SDS-2.2, Scalable Data Science

Million Song Dataset - Kaggle Challenge

Predict which songs a user will listen to.

SOURCE: This is just a Scala-rification of the Python notebook published in databricks community edition in 2016.

Archived YouTube video of this live unedited lab-lecture:

Stage 3: Modeling Songs via k-means

Model

This is the third step into our project. In the first step we parsed raw text files and created a table. Then we explored different aspects of data and learned that things have been changing over time. In this step we attempt to gain deeper understanding of our data by categorizing (a.k.a. clustering) our data. For the sake of training we pick a fairly simple model based on only three parameters. We leave more sophisticated modeling as exercies to the reader

We pick the most commonly used and simplest clustering algorithm (KMeans) for our job. The SparkML KMeans implementation expects input in a vector column. Fortunately, there are already utilities in SparkML that can help us convert existing columns in our table to a vector field. It is called VectorAssembler.

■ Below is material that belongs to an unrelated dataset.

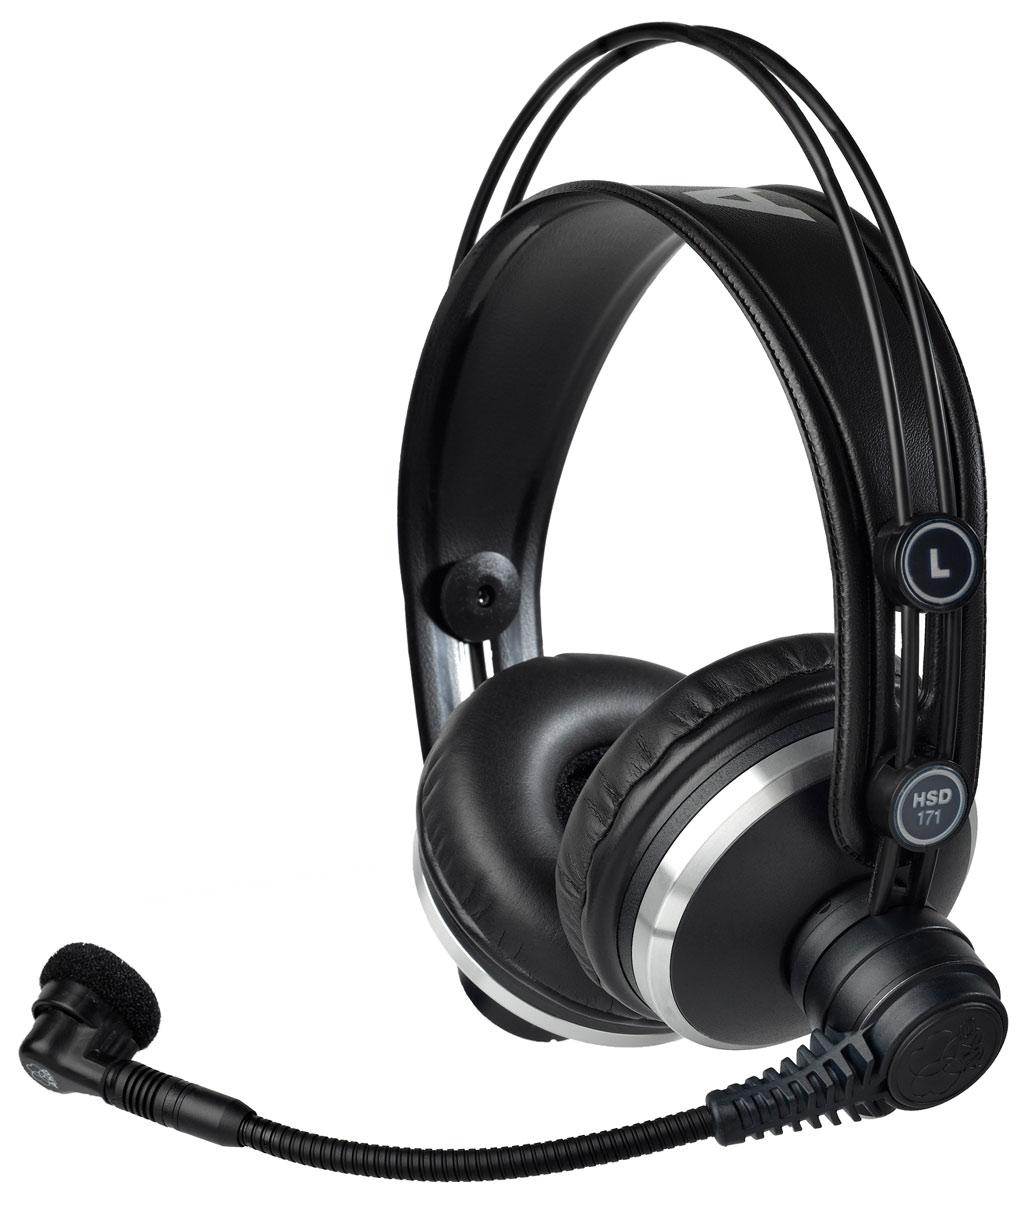 Powieksz do pelnego rozmiaru AKG HSD 171, AKG HSD171, AKG HSD-171, słuchawki hi-fi, słuchawki profesjonalne, słuchawki studyjne, słuchawki realizatorskie, słuchawki z pałąkiem, słuchawki nagłowne, słuchawki nauszne, słuchawki zamknięte, słuchawki multimedialne, słuchawki z mikrofonem, zestaw z mikrofonem, słuchawki z kablem jednostronnym, słuchawki z kablem wymiennym, słuchawki z odłączanym przewodem
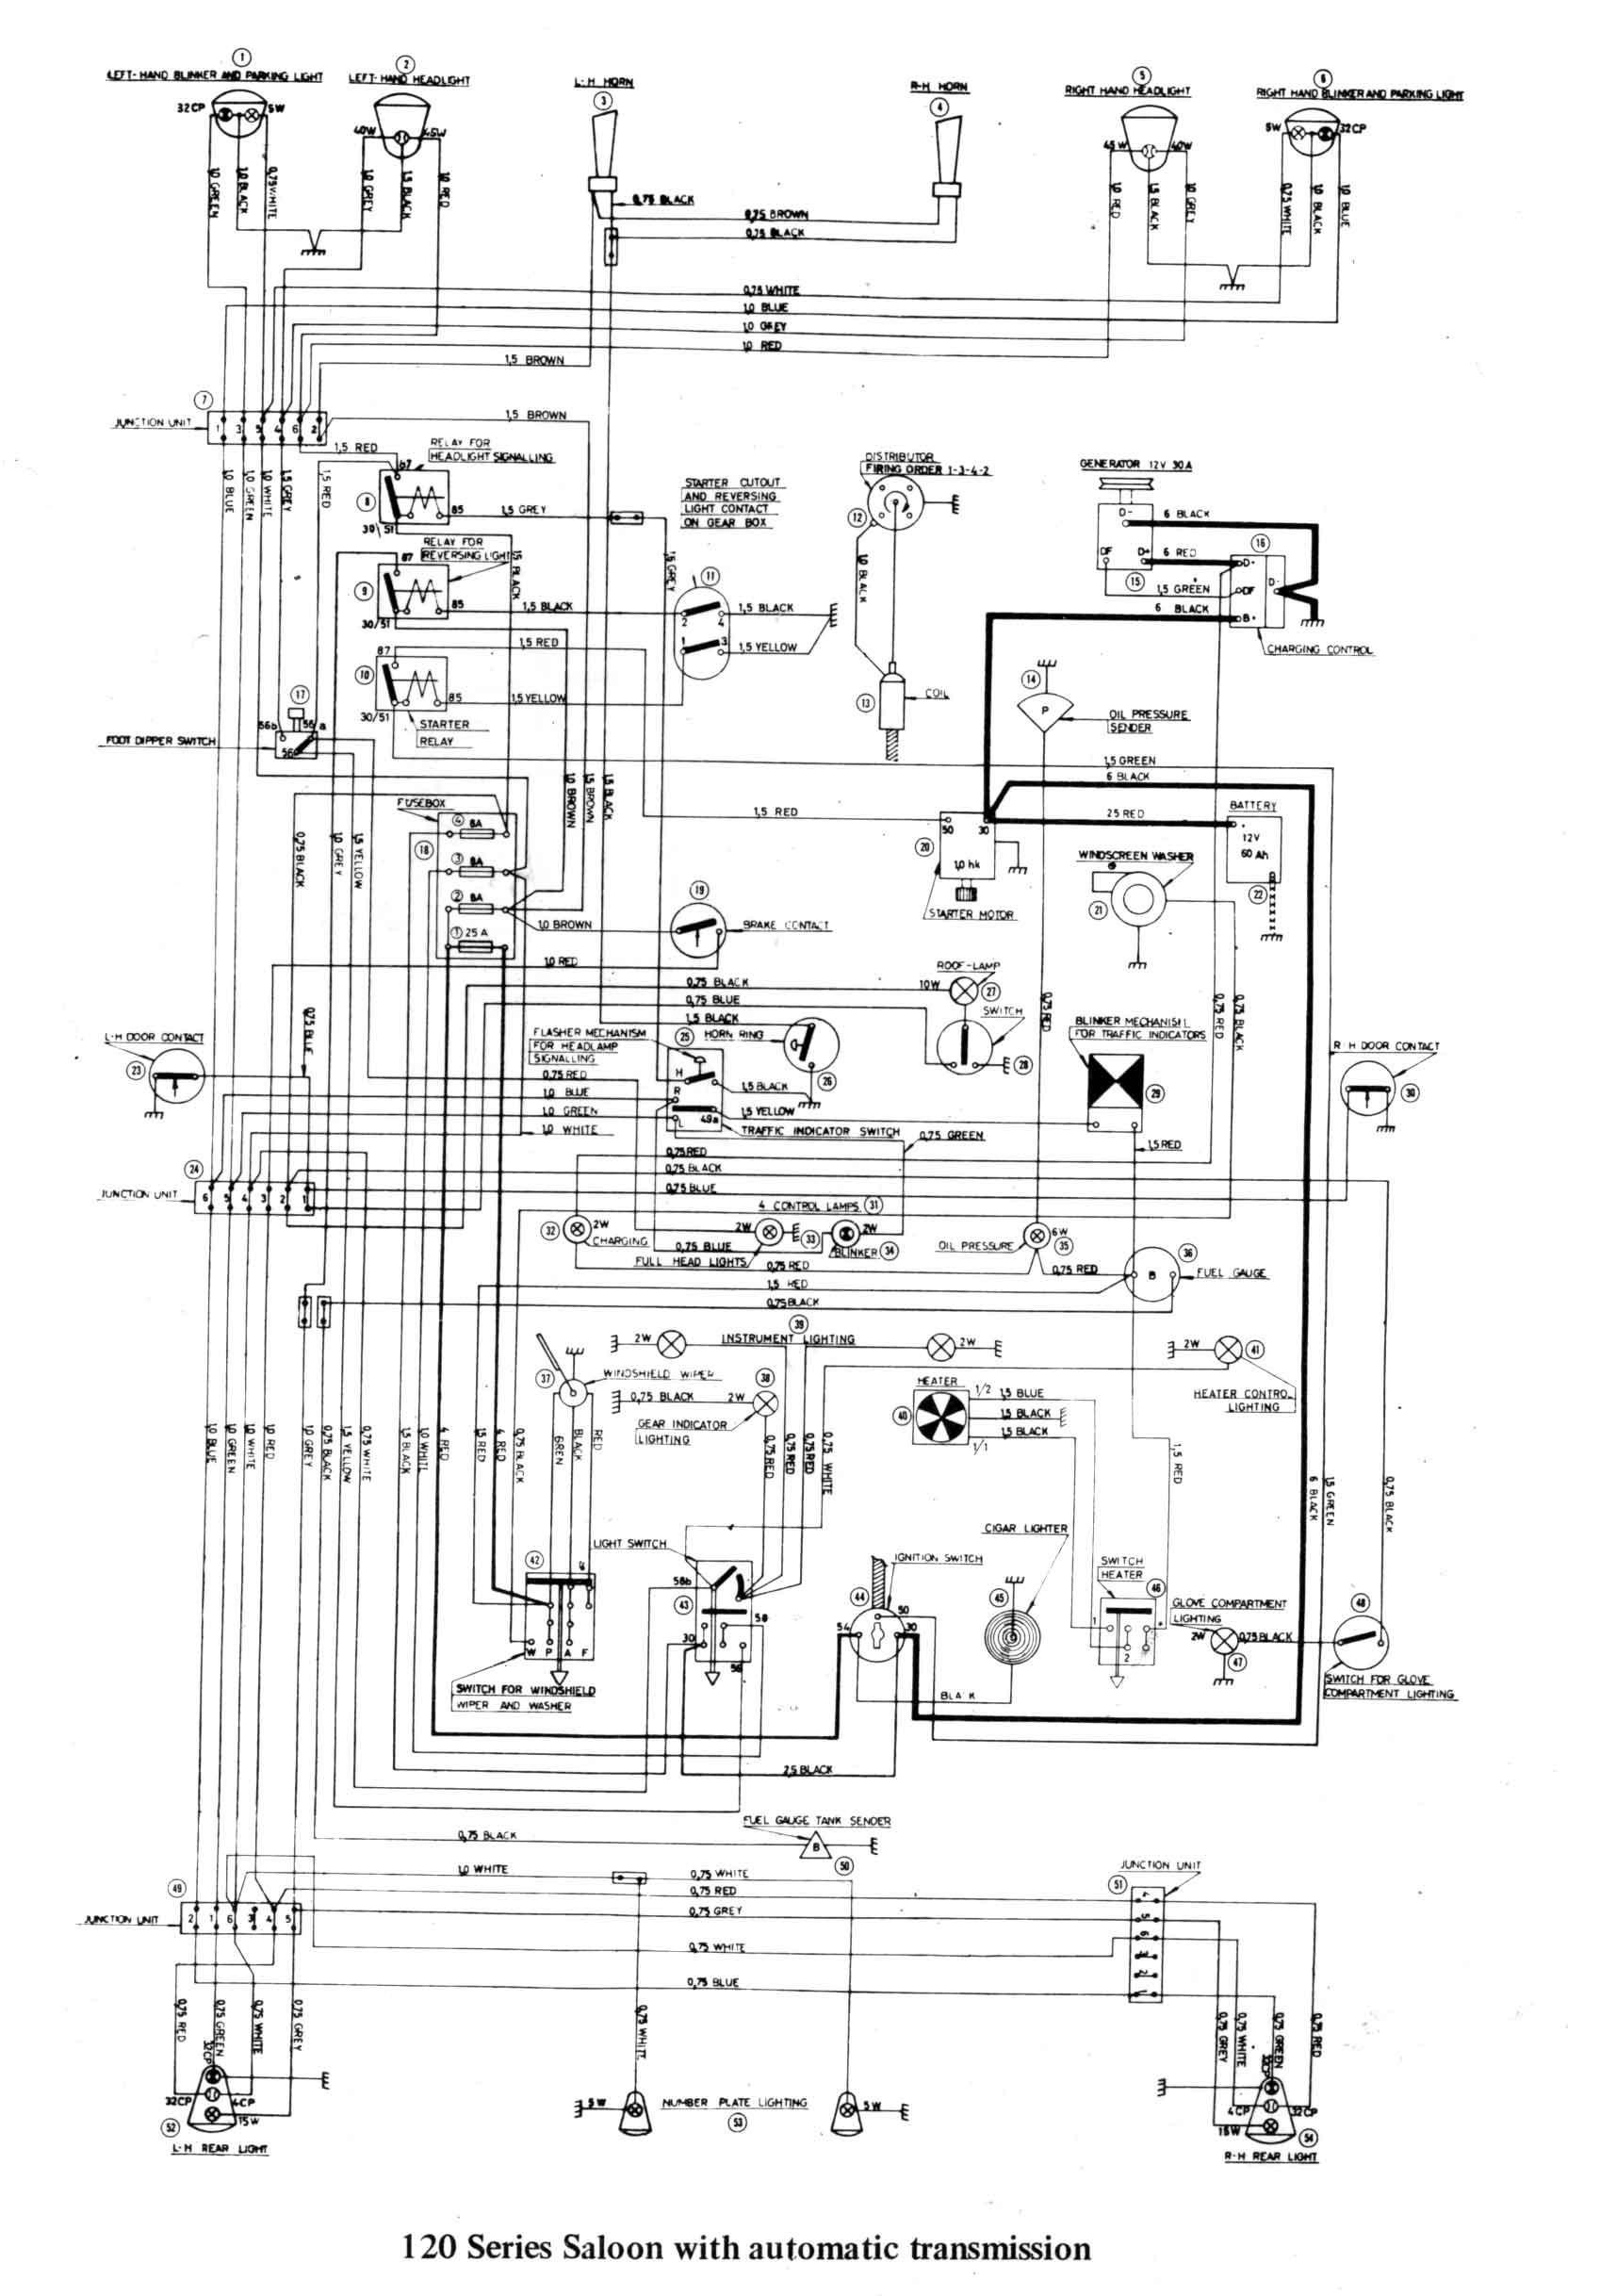 Volvo Semi Truck Fuse Diagram Volvo Semi Truck Fuse Diagram Trusted Wiring Diagrams • Of Volvo Semi Truck Fuse Diagram

Here we import that functionality and use it to create a new DataFrame

// Let's quickly do everything to register the tempView of the table here

// this is a case class for our row objects
case class Song(artist_id: String, artist_latitude: Double, artist_longitude: Double, artist_location: String, artist_name: String, duration: Double, end_of_fade_in: Double, key: Int, key_confidence: Double, loudness: Double, release: String, song_hotness: Double, song_id: String, start_of_fade_out: Double, tempo: Double, time_signature: Double, time_signature_confidence: Double, title: String, year: Double, partial_sequence: Int)

def parseLine(line: String): Song = {
  // this is robust parsing by try-catching type exceptions

  def toDouble(value: String, defaultVal: Double): Double = {
    try {
       value.toDouble
    } catch {
      case e: Exception => defaultVal
    }
  }

  def toInt(value: String, defaultVal: Int): Int = {
    try {
       value.toInt
      } catch {
      case e: Exception => defaultVal
    }
  }
  // splitting the sting of each line by the delimiter TAB character '\t'
  val tokens = line.split("\t")

  // making song objects
  Song(tokens(0), toDouble(tokens(1), 0.0), toDouble(tokens(2), 0.0), tokens(3), tokens(4), toDouble(tokens(5), 0.0), toDouble(tokens(6), 0.0), toInt(tokens(7), -1), toDouble(tokens(8), 0.0), toDouble(tokens(9), 0.0), tokens(10), toDouble(tokens(11), 0.0), tokens(12), toDouble(tokens(13), 0.0), toDouble(tokens(14), 0.0), toDouble(tokens(15), 0.0), toDouble(tokens(16), 0.0), tokens(17), toDouble(tokens(18), 0.0), toInt(tokens(19), -1))
}

// this is loads all the data - a subset of the 1M songs dataset
val dataRDD = sc.textFile("/databricks-datasets/songs/data-001/part-*") 

// .. fill in comment
val df = dataRDD.map(parseLine).toDF

// .. fill in comment
df.createOrReplaceTempView("songsTable")

defined class Song
parseLine: (line: String)Song
dataRDD: org.apache.spark.rdd.RDD[String] = /databricks-datasets/songs/data-001/part-* MapPartitionsRDD[14103] at textFile at <console>:65
df: org.apache.spark.sql.DataFrame = [artist_id: string, artist_latitude: double ... 18 more fields]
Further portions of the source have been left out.